---------- Records for this task
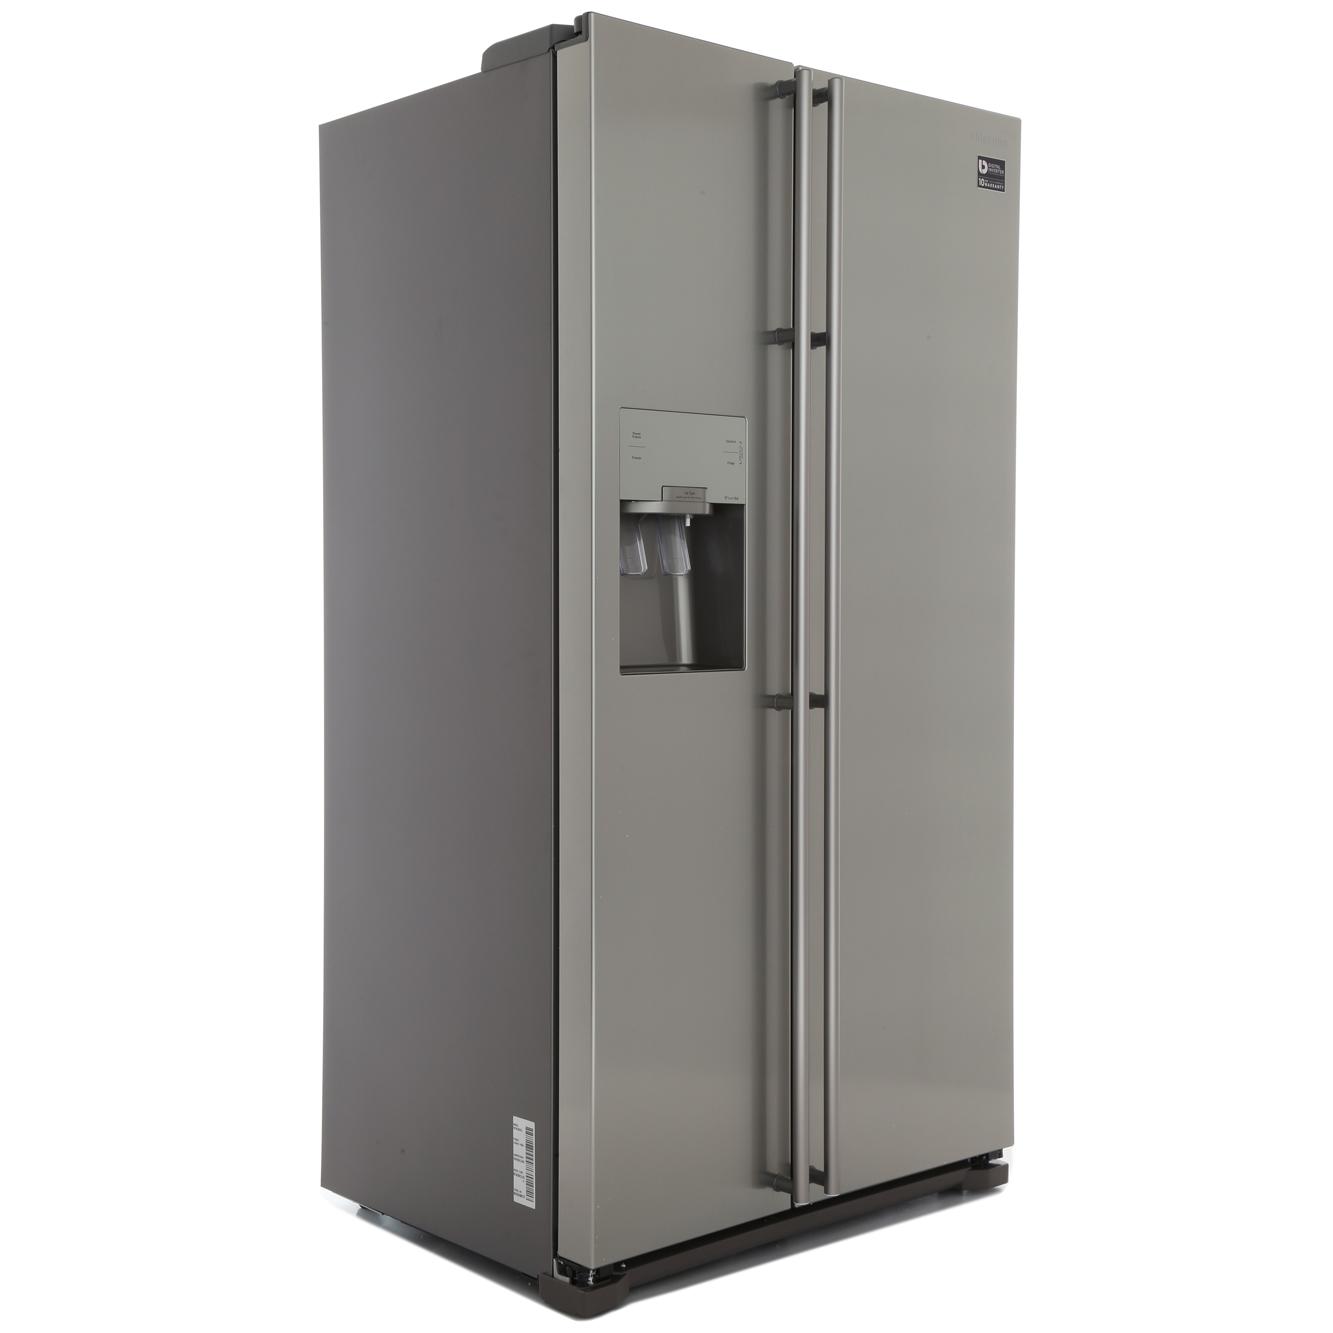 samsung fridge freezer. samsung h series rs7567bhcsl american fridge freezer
--------------------
---------- Records for this task
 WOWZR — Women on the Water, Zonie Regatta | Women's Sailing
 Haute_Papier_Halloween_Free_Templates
--------------------
_Work to complete_
Your answer should be the lines of the listing above between the line holding "WOWZR — Women" and the line holding "Haute_Papier_Halloween_Free_Templates", inclusive, restated word for word and alone.

_Answer below_
 WOWZR — Women on the Water, Zonie Regatta | Women's Sailing
 Haute_Papier_Halloween_Free_Templates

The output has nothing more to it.